● **WORK REQUIRED**:
With pictures left out, copy exactly every line from the one containing "Cty kinh doanh" through the end of the material.

= Beginning of Section =

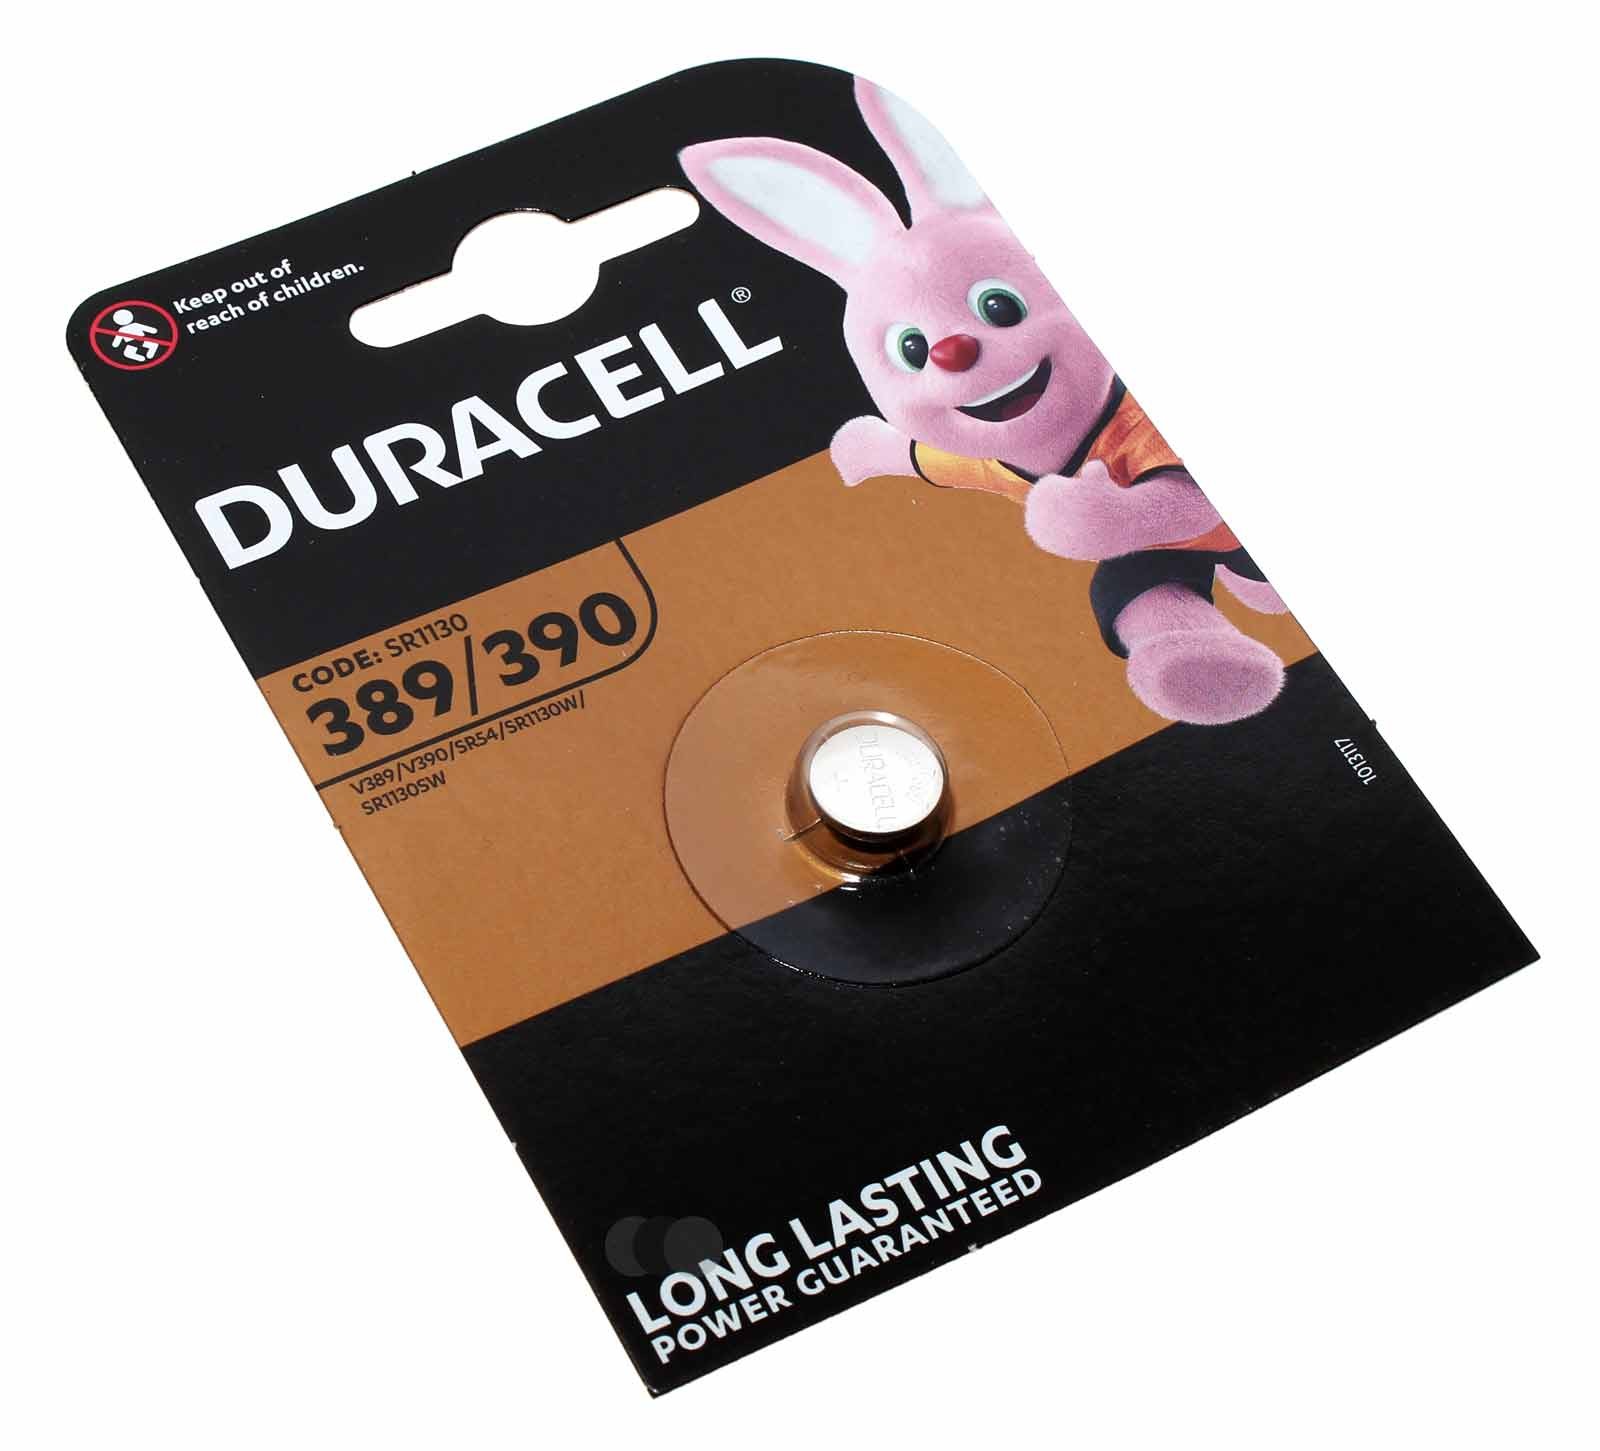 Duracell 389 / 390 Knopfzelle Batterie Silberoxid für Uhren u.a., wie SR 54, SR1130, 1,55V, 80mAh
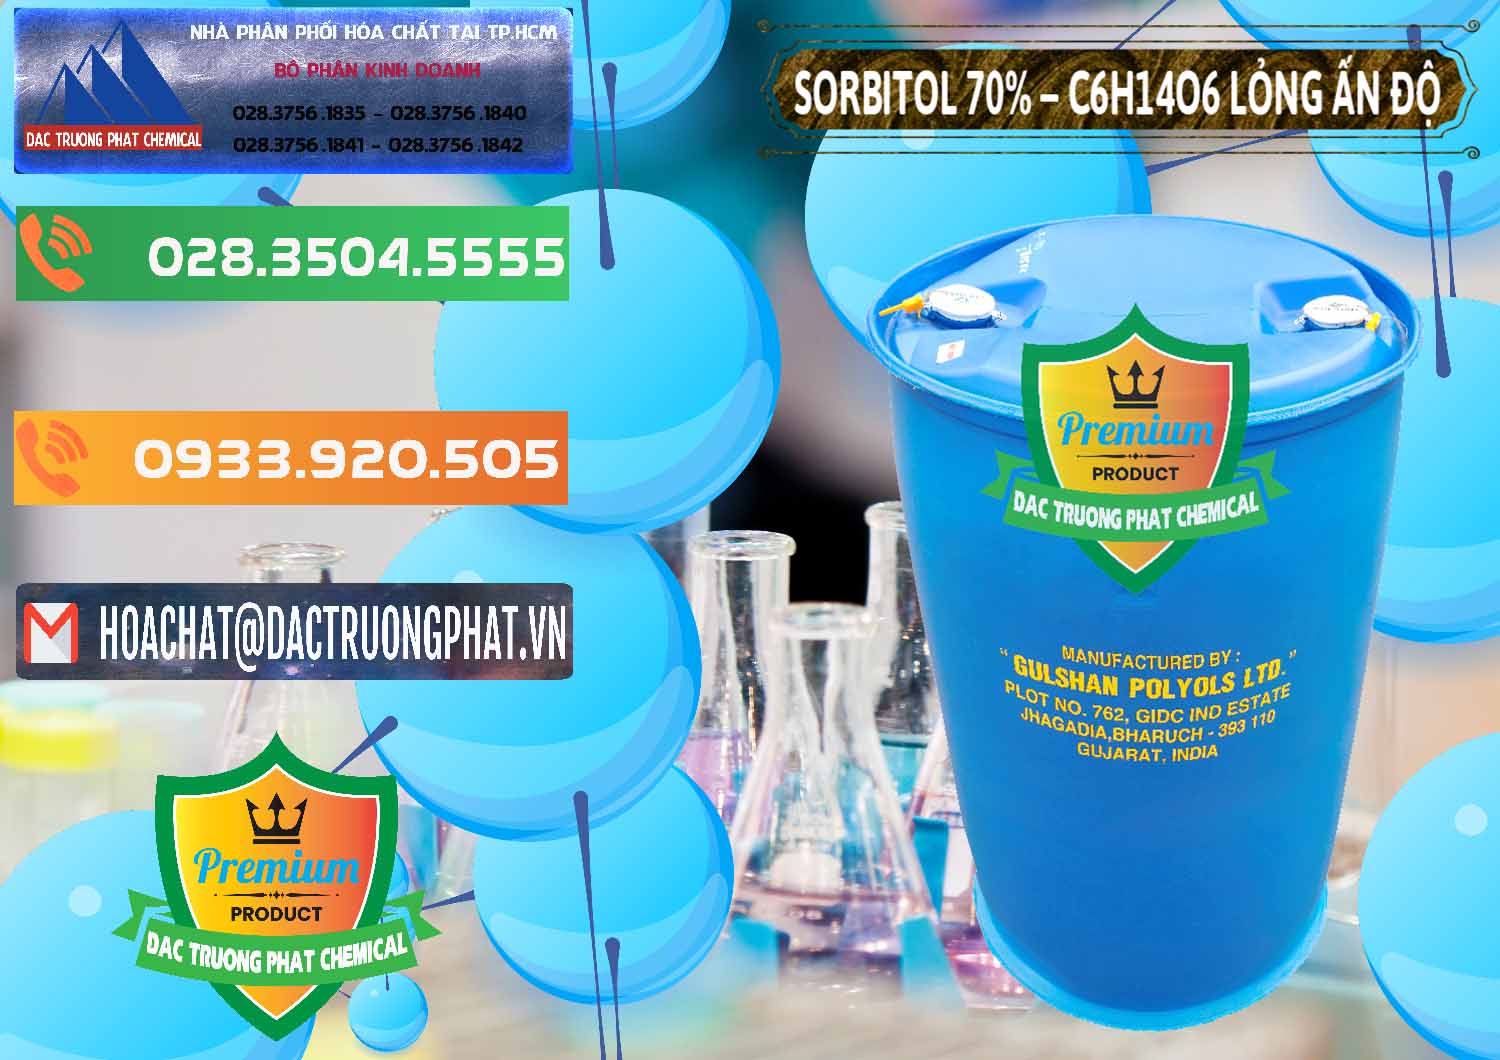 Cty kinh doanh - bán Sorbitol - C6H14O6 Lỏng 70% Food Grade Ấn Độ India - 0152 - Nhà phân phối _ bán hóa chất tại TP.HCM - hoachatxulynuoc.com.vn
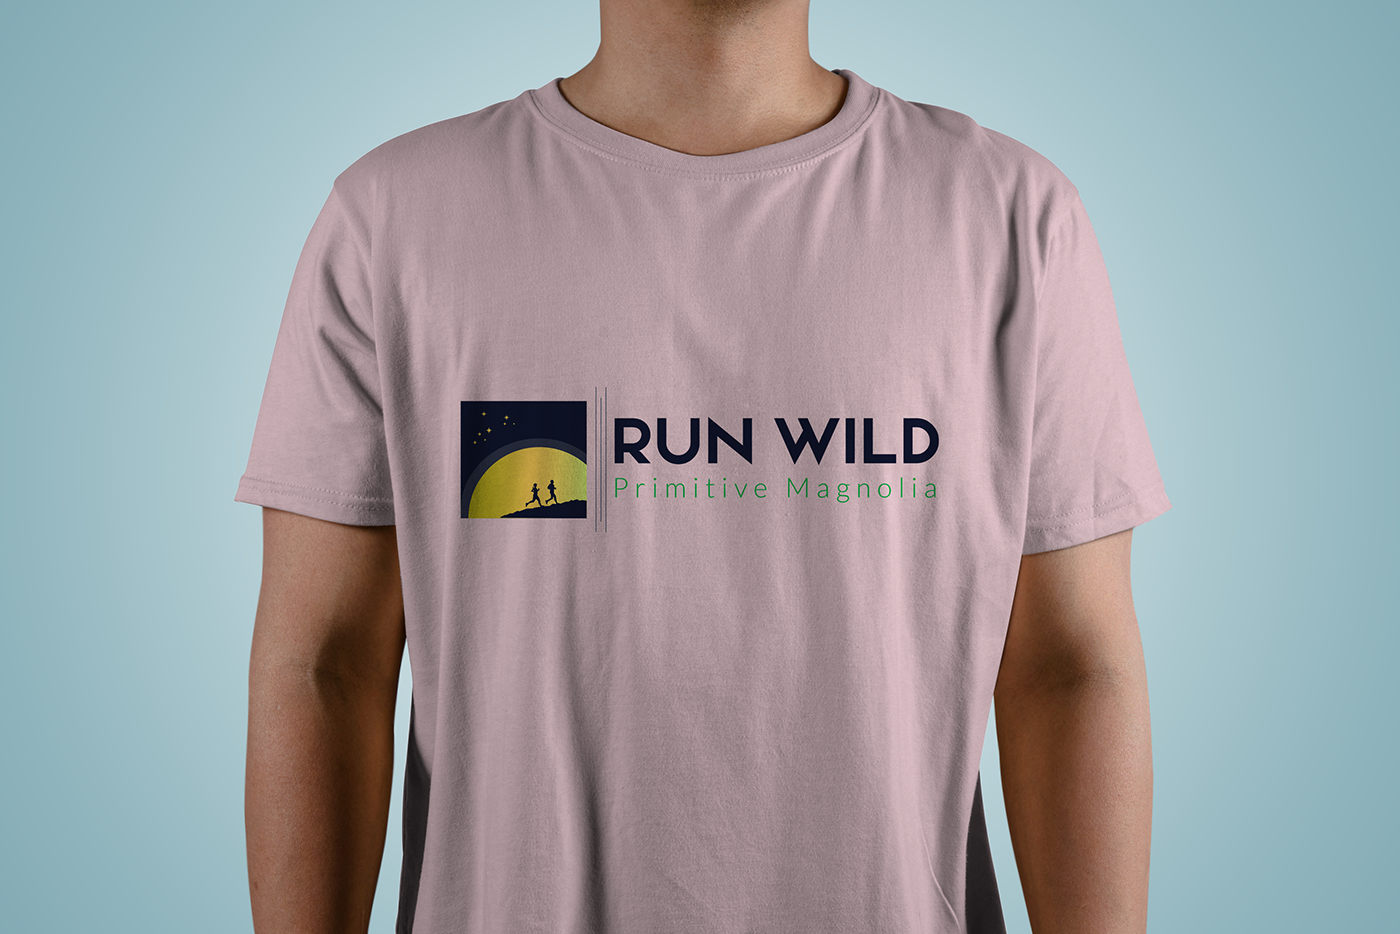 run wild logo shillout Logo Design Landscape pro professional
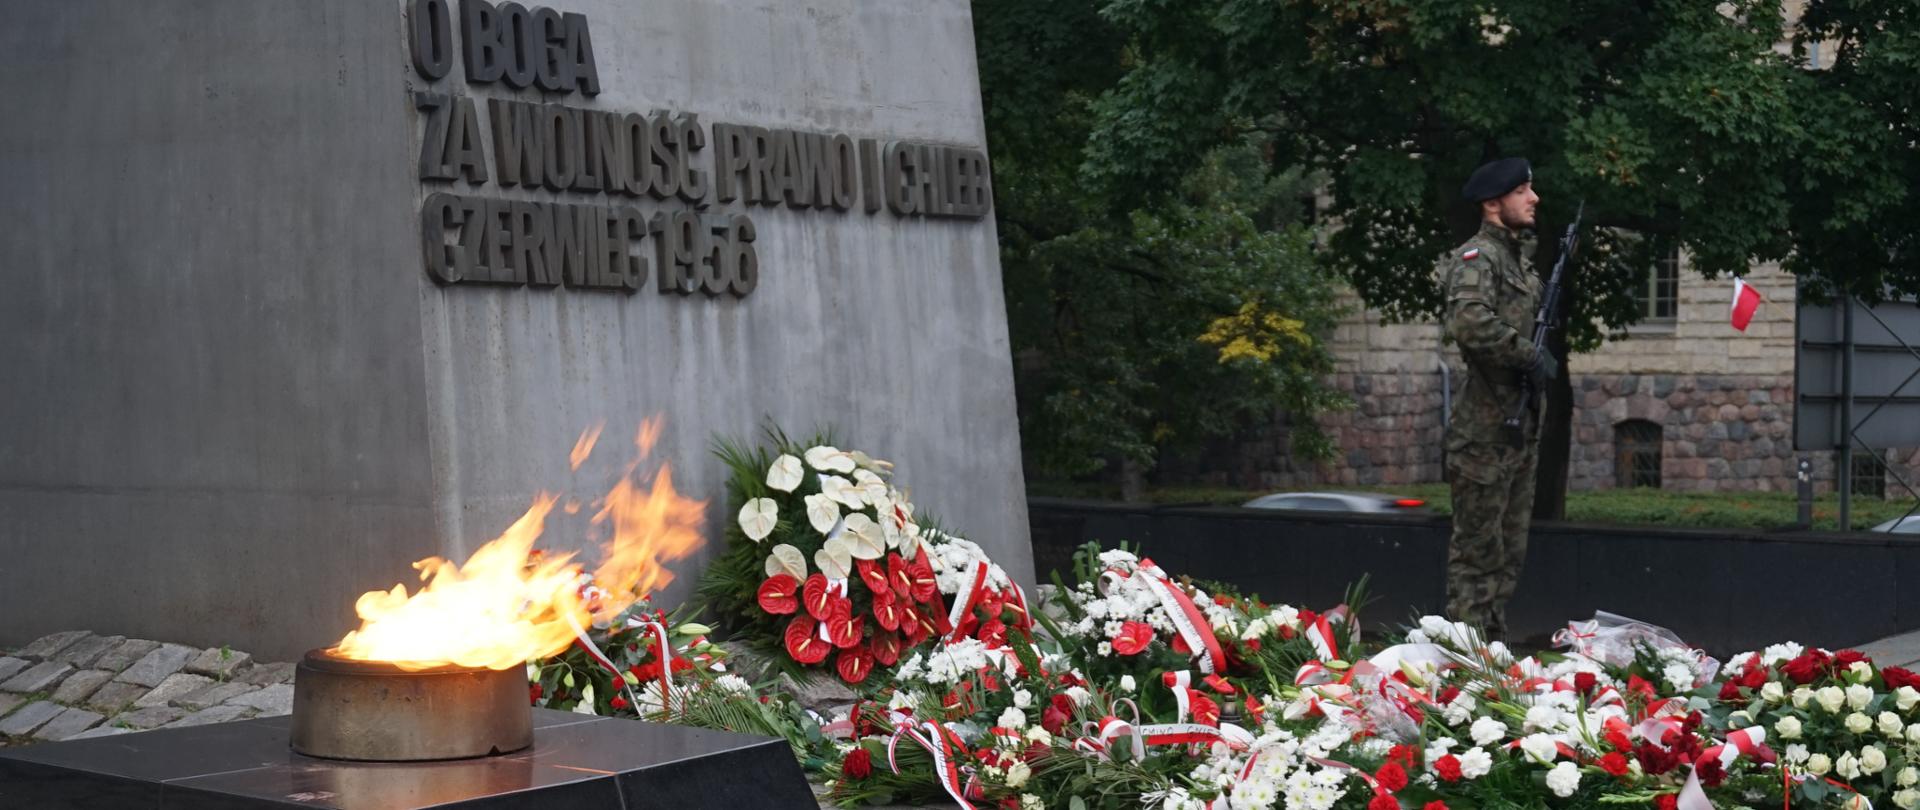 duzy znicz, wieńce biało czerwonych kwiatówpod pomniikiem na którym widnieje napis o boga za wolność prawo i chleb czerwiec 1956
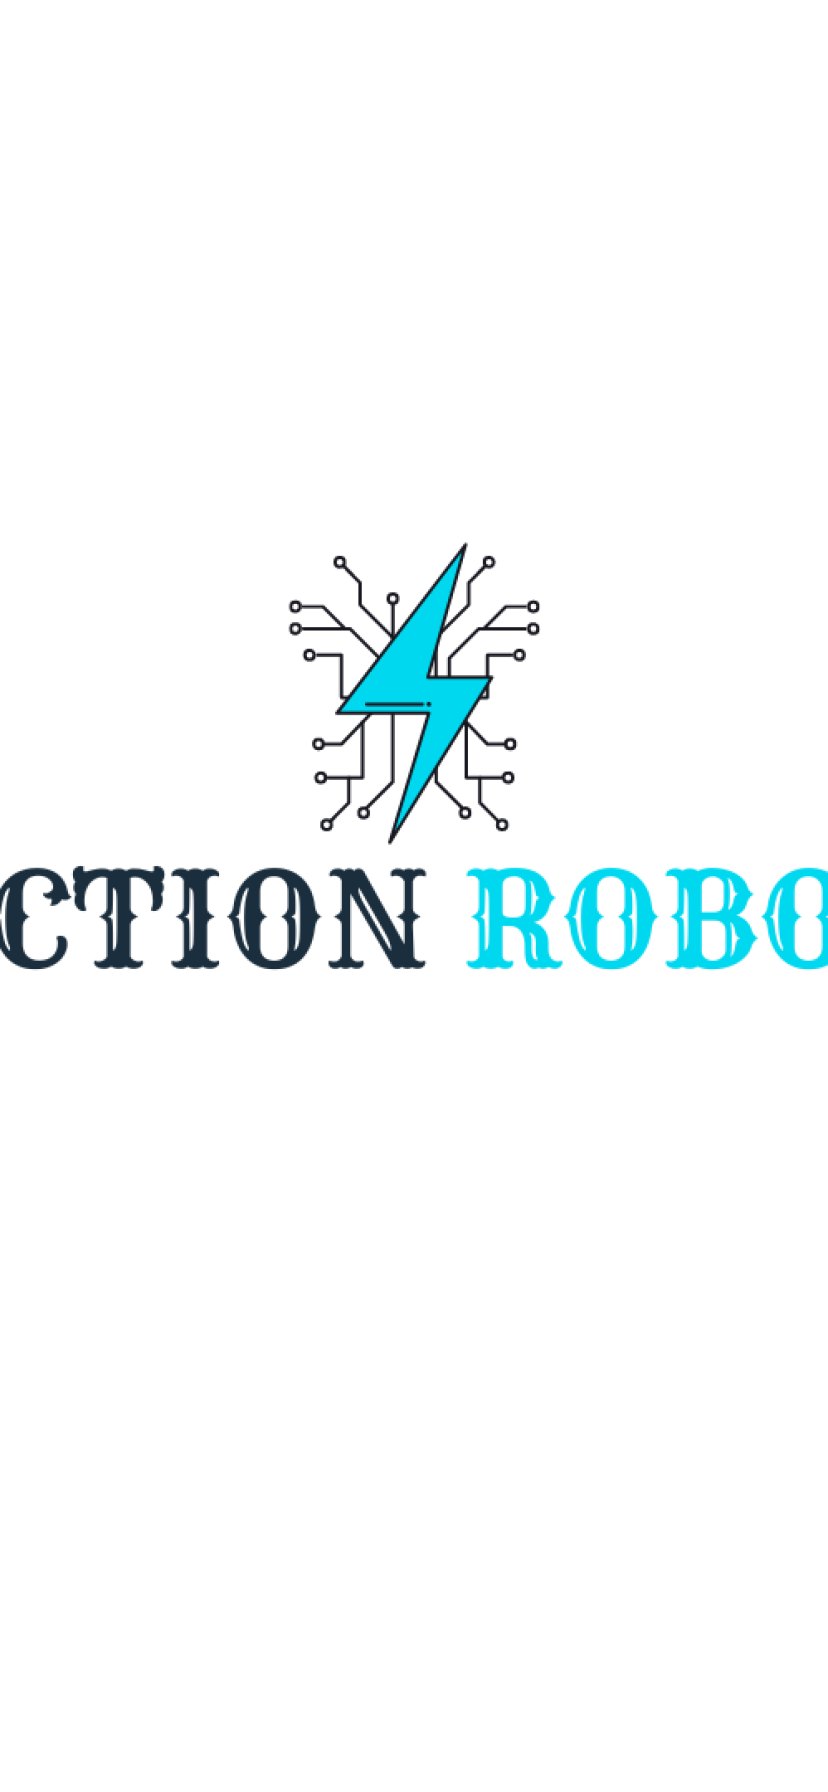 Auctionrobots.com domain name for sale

= End of Section =

● **RESULT OF THE TASK**:
 Cty kinh doanh - bán Sorbitol - C6H14O6 Lỏng 70% Food Grade Ấn Độ India - 0152 - Nhà phân phối _ bán hóa chất tại TP.HCM - hoachatxulynuoc.com.vn
 run wild logo shillout Logo Design Landscape pro professional
 duzy znicz, wieńce biało czerwonych kwiatówpod pomniikiem na którym widnieje napis o boga za wolność prawo i chleb czerwiec 1956
 Auctionrobots.com domain name for sale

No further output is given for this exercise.